Я стоял у порога и слушал. Появление в комнате рыжего обеспокоило меня. Я подумал: Влас правду говорит. Шпик, вероятно, был в общежитии мамонтовских рабочих, сидел где-нибудь за ситцевой ширмой, слушал меня и наблюдал, а когда я попрощался с рабочими, вышел на улицу и последовал за мною. Вероятно, заглянул в окно и увидел меня в комнате, иначе он так уверенно не приставал бы к Тютину, не утверждал бы, что Перепелкин живет вместе с ним.
— А кто развалил книги?
— Рыжий не прикасался к ним.
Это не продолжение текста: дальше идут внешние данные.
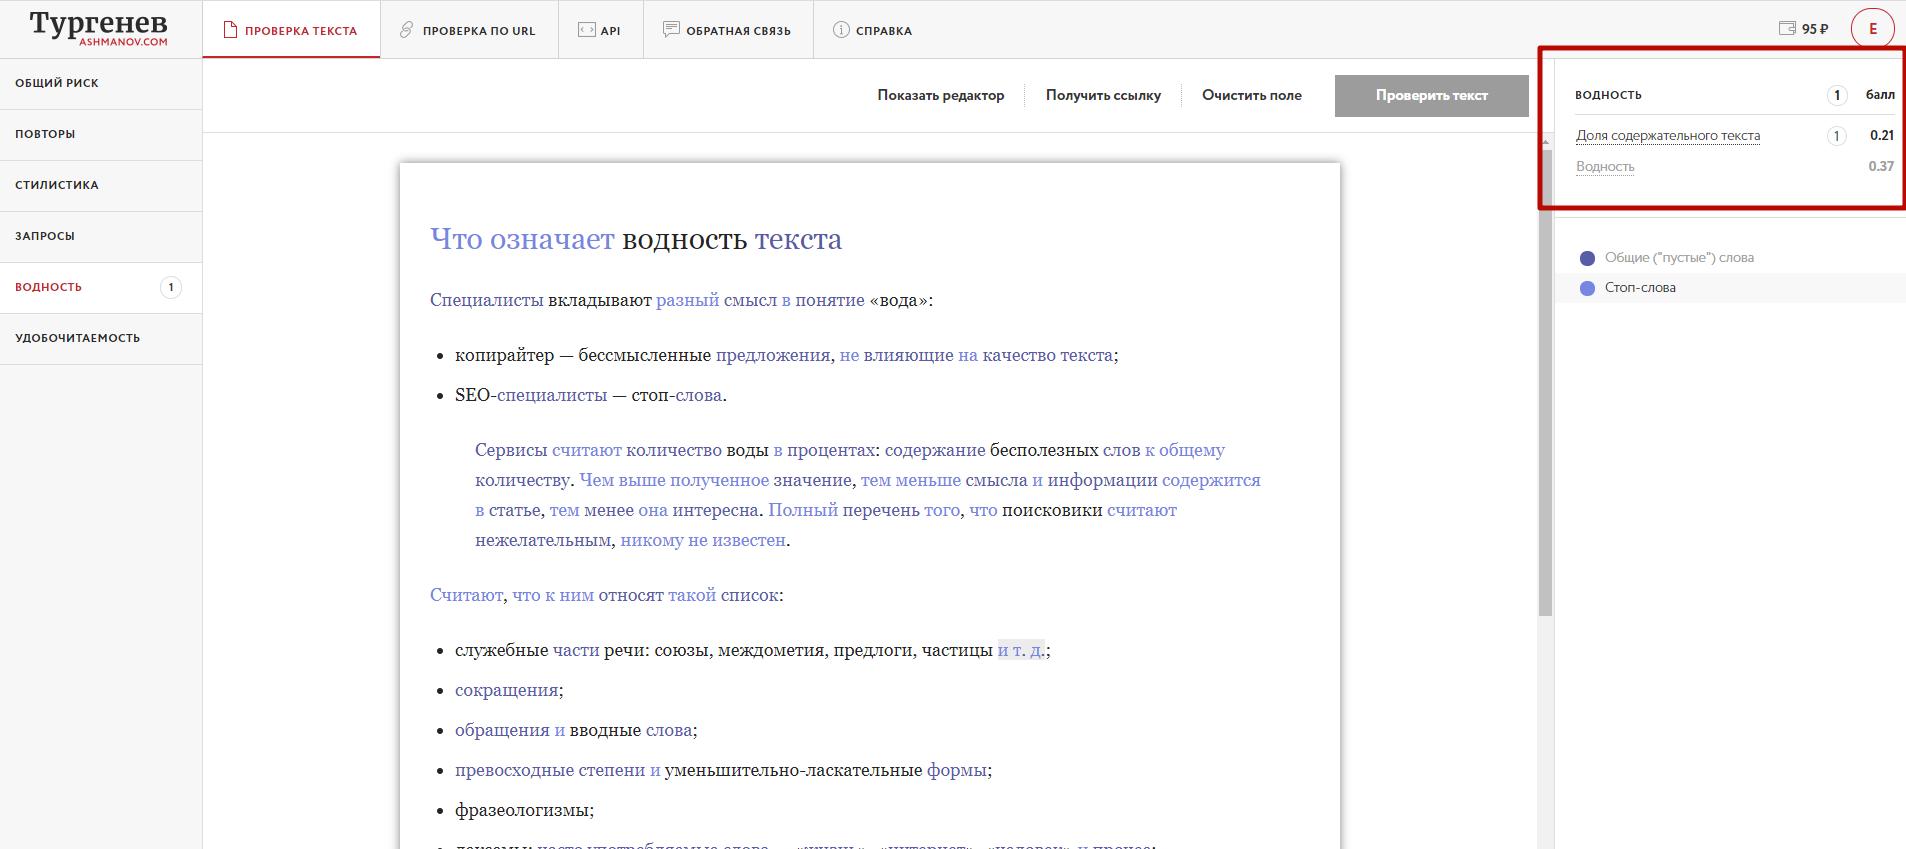 Проверка в сервисе Turgenev

Он только поглядел на них, — бурно ответил Тютин со страхом в глазах. — Я развалил…
— Запрещенных не нашел?
— А что я понимаю в твоих книгах? Ты знаешь, что я не чтец… Да ведь и за эти могут сцапать!
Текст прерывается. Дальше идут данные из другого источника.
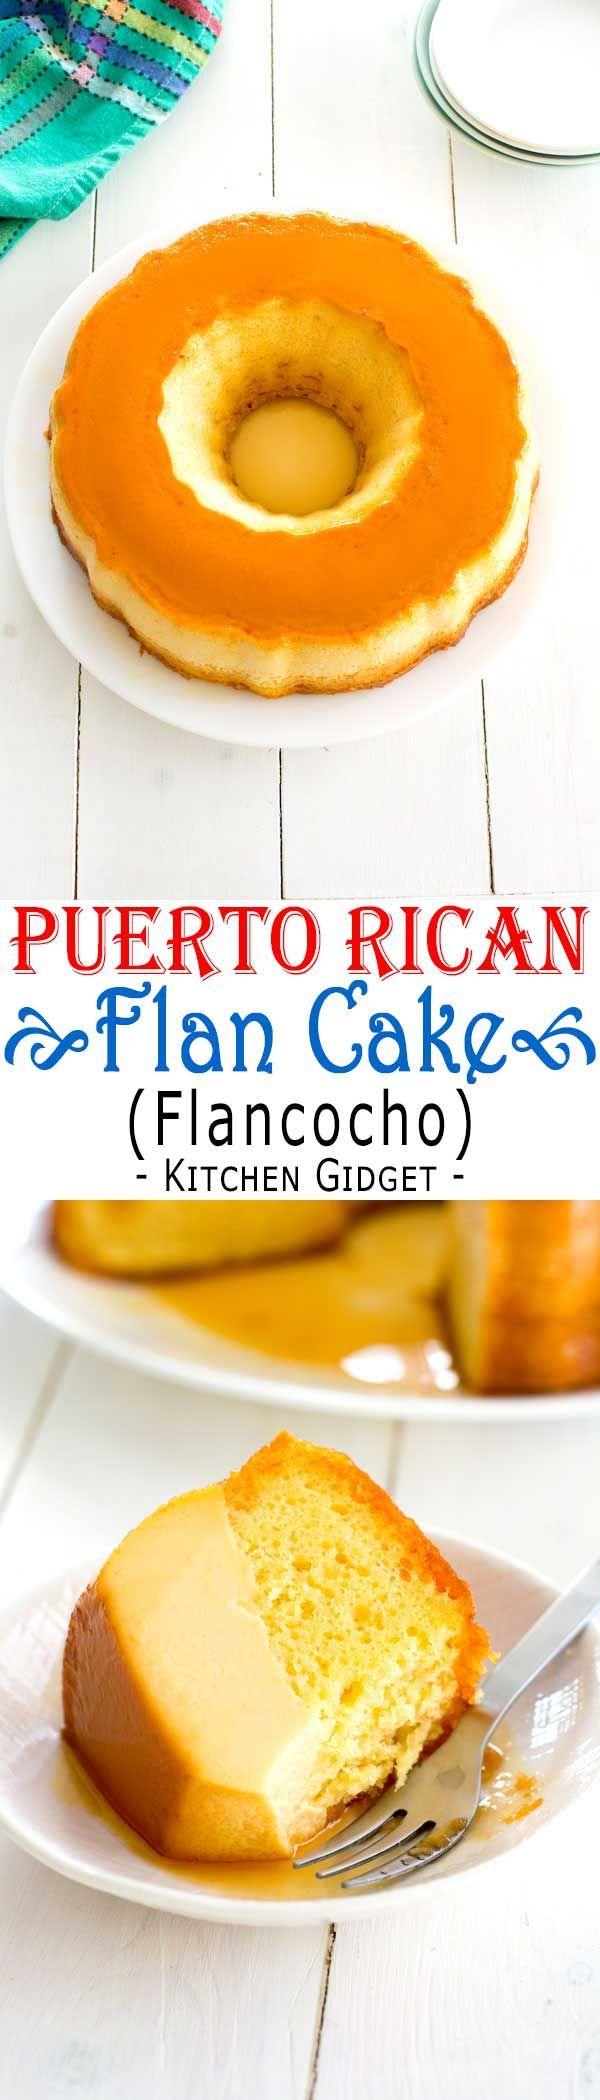 Puerto rican flancocho easy flan cake recipe puertoricanfood puerto rican flancocho easy flan cake recipe puertoricanfood cake recipe forumfinder Gallery

— Влас, ты хорошо знаешь, что я не держу…
— Не ври! — оборвал Тютин. — Две недели тому назад студент принес пачку прокламаций, и она пролежала всю ночь под кроватью. Правду я говорю? — Его верхняя полная губа под черными пушистыми усами задрожала. Пот бисером заблестел у него на лбу.
— Правду, — признался я.
— Из-за этой чертовой пачки я не сомкнул глаз до утра: каждый шорох в квартире пугал меня. Мне все время мерещились жандармы и городовые.
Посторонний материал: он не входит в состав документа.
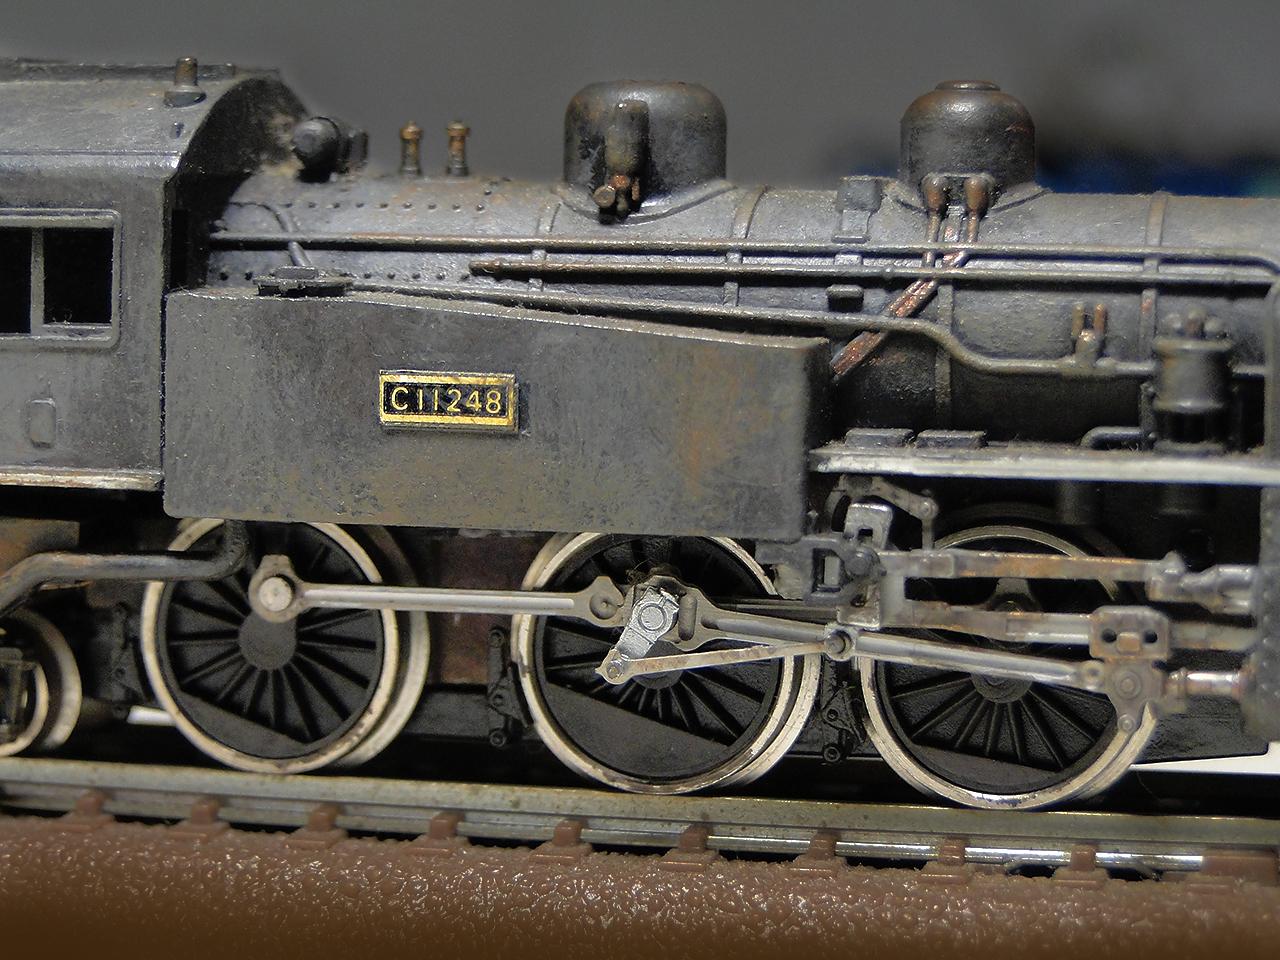 http://moritetsu.info/model-railway/img/DSC06311sssss.jpg

Я рассмеялся, дружелюбно сказал:
— Успокойся, Капитоныч. Я нынче вечером уезжаю далеко. Больше не вернусь в комнату. Останемся друзьями, хотя мы и по-разному смотрим на жизнь: тебя тянет к коммерческой деятельности, меня — к другой… Думаю, из тебя выйдет если не второй Рябушинский, то, во всяком случае, что-то вроде него. Ну как идут дела с мешками?
Он не понял моей иронии, оживился:
— Сегодня с шести часов утра носился по магазинам… и закупил семьдесят тысяч. Завтра сдам интендантству. Получил отсрочку от военной службы на год, — похвалился он, и его круглое усатое лицо засияло улыбкой, глаза подернулись лаком. — Ананий, серьезно уезжаешь?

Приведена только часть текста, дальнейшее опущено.